*WHAT THIS TASK INVOLVES*
From the material below, return exactly the lines starting at the one that holds "Delicious pastries filled" and ending at the one that holds "Charm necklace lovey dovey - silver h5". Pictures stay out of the answer.

#### PROVIDED RECORDS ####

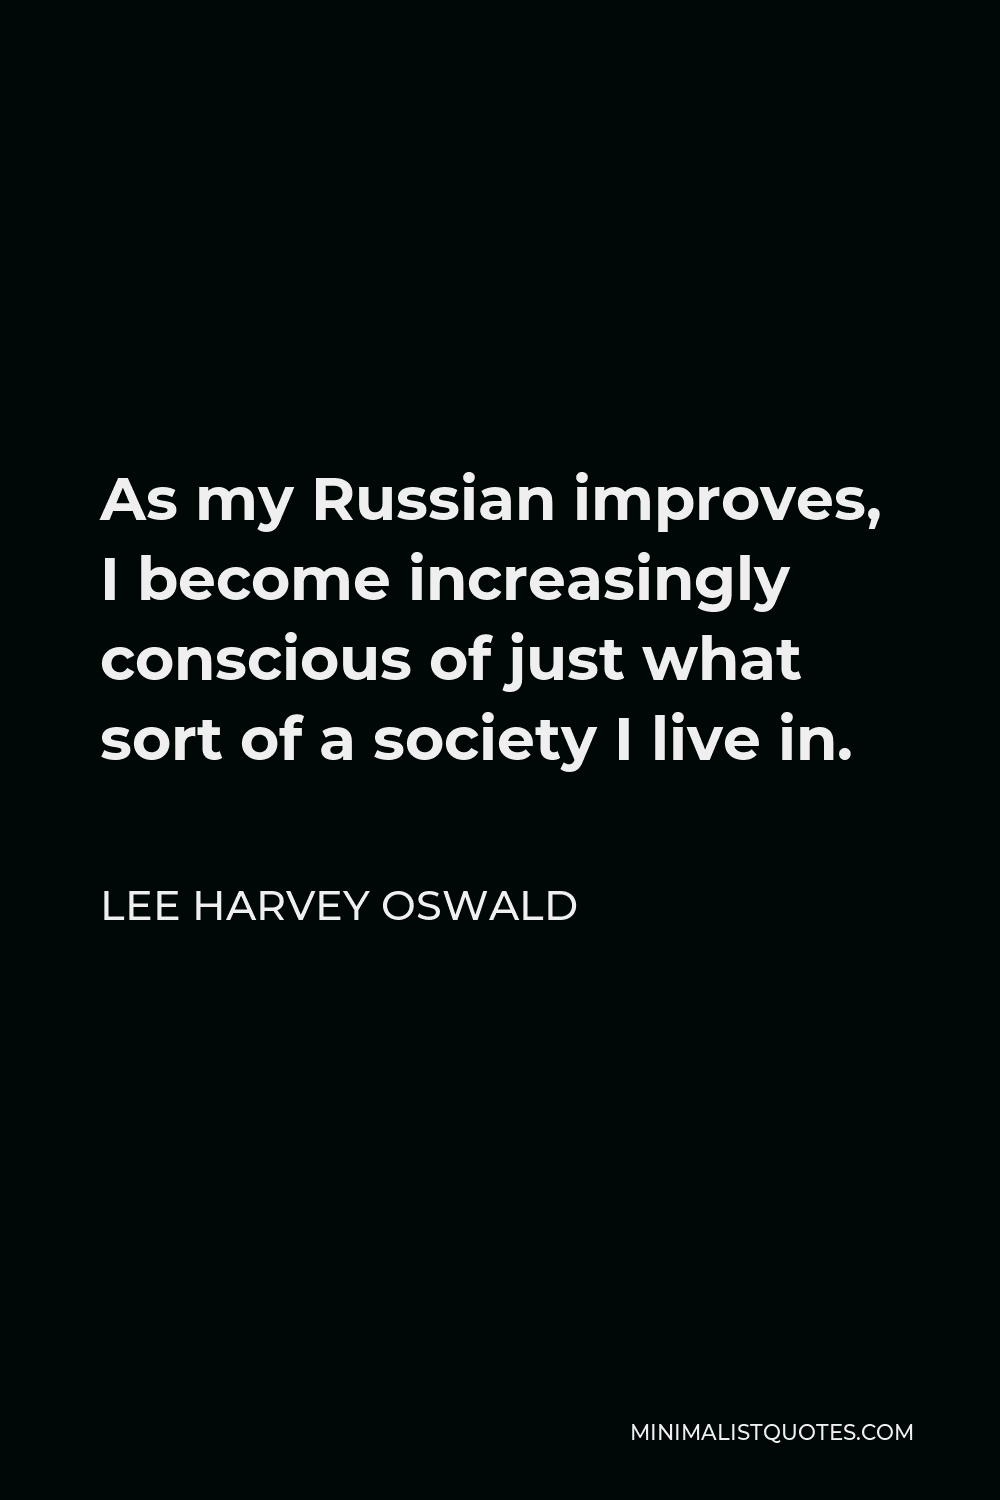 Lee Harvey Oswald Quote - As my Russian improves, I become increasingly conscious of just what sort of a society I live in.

####
#### PROVIDED RECORDS ####

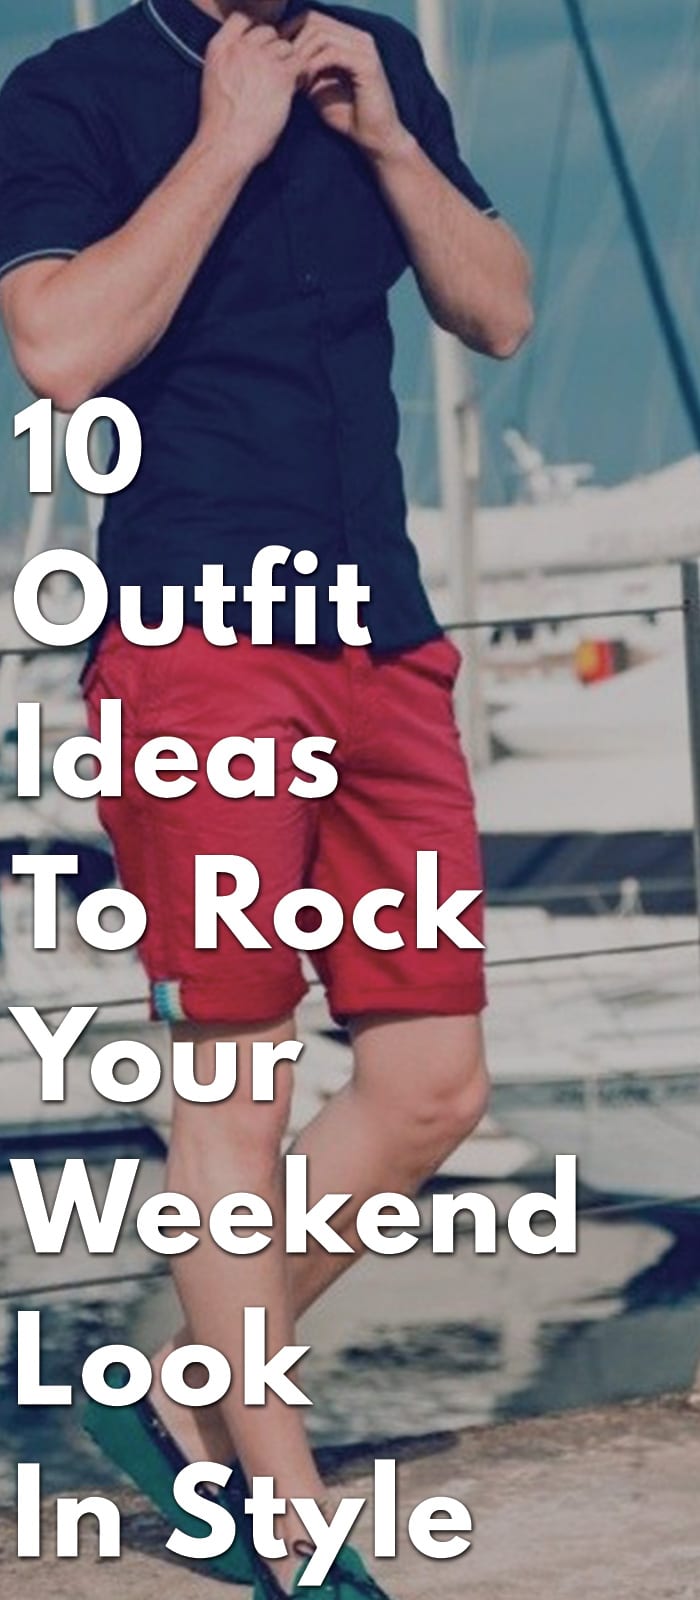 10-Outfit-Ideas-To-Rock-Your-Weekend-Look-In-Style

####
#### PROVIDED RECORDS ####

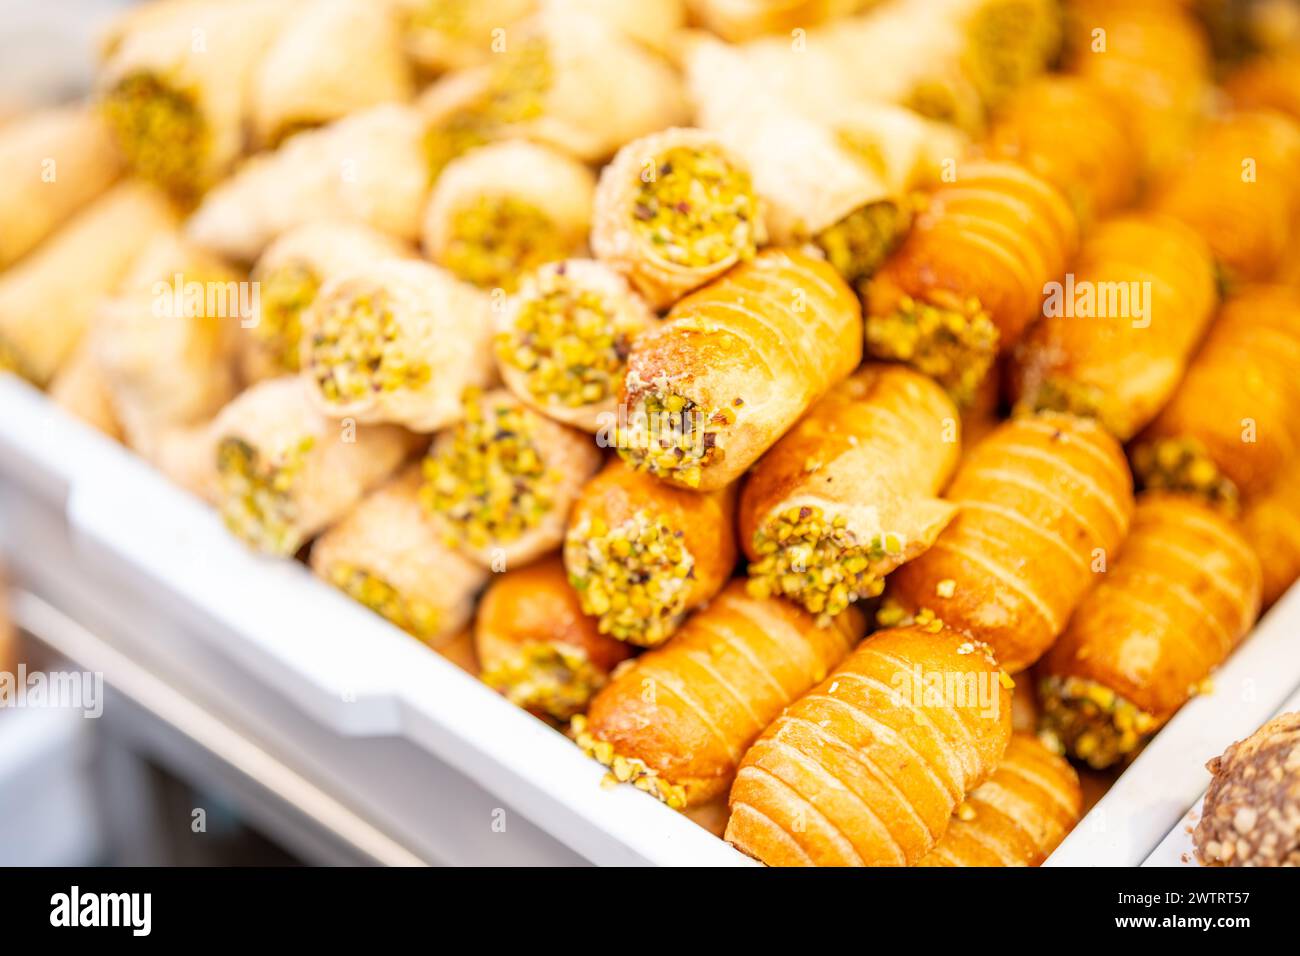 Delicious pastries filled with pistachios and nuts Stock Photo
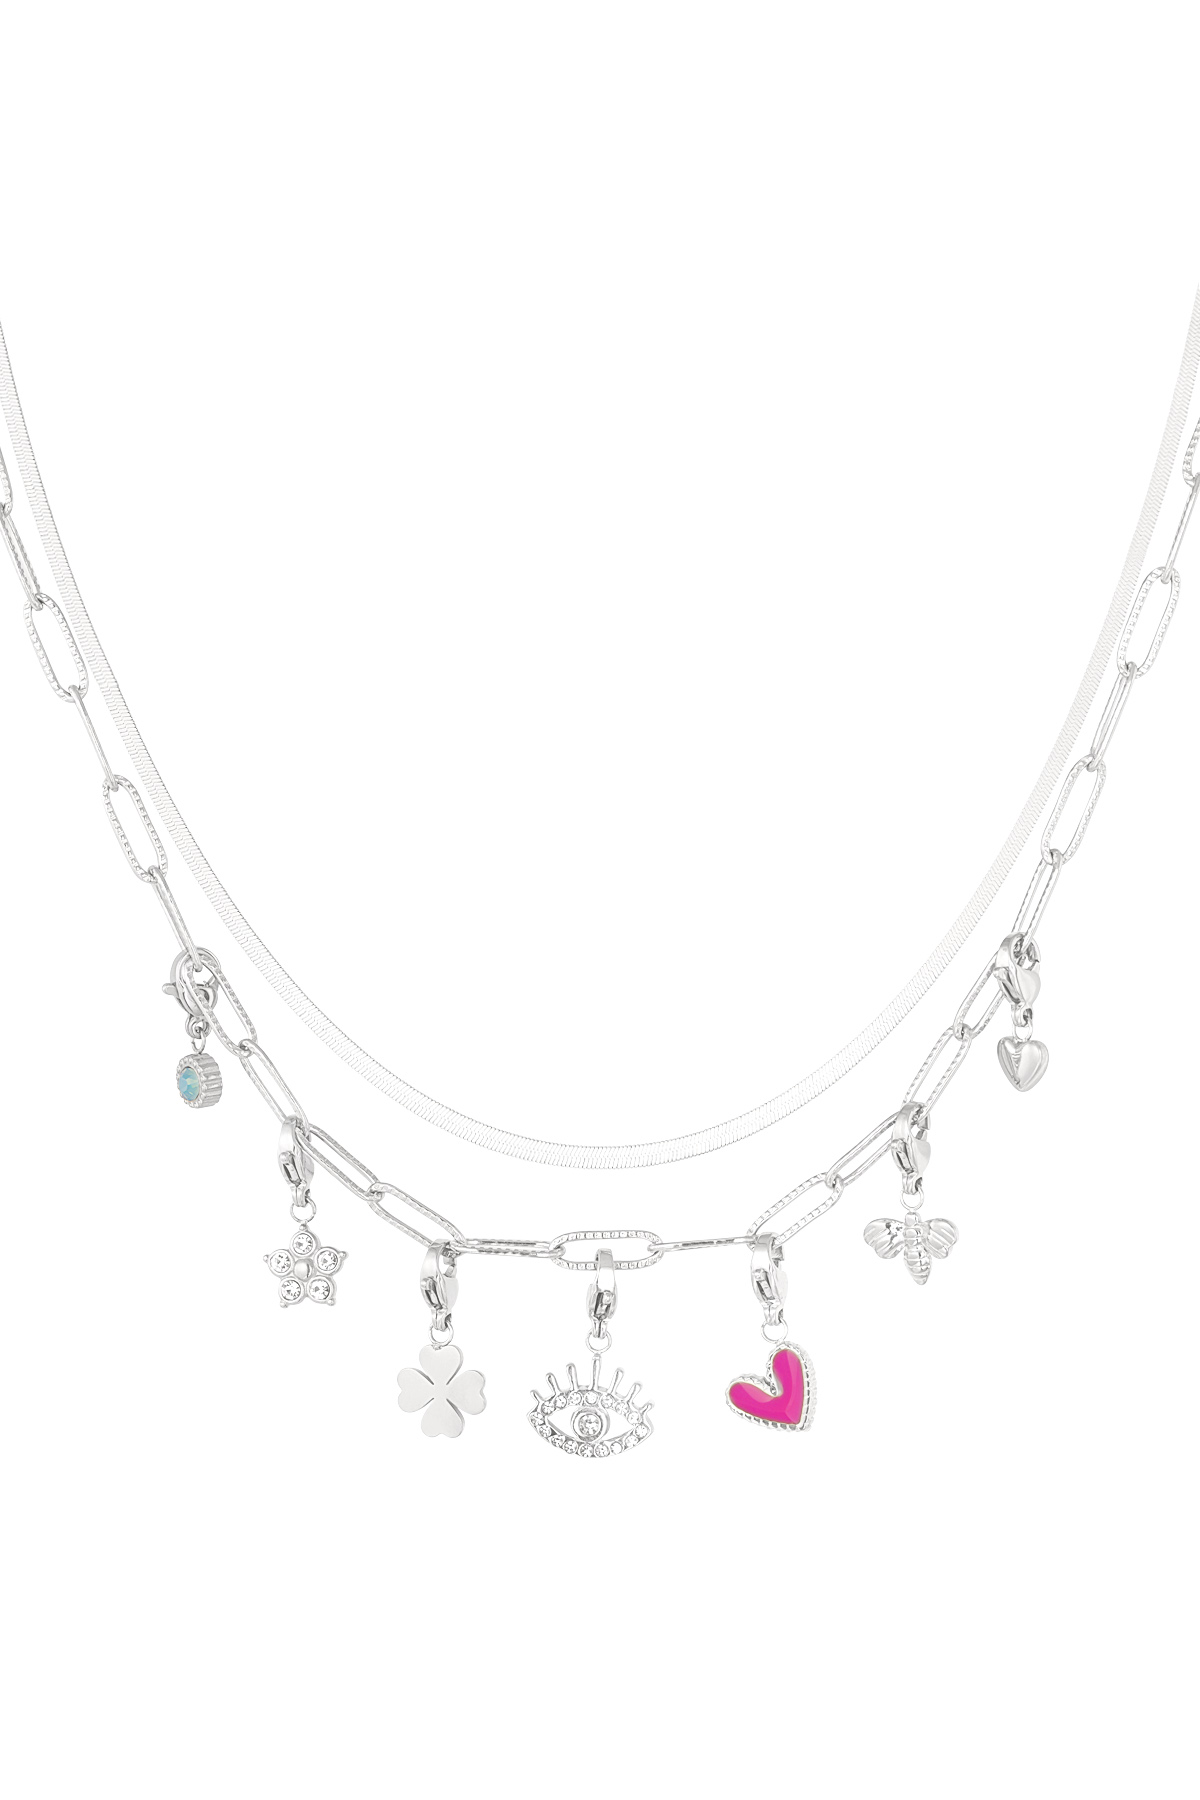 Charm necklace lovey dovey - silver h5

####

*TASK ANSWER*
 Delicious pastries filled with pistachios and nuts Stock Photo
 Charm necklace lovey dovey - silver h5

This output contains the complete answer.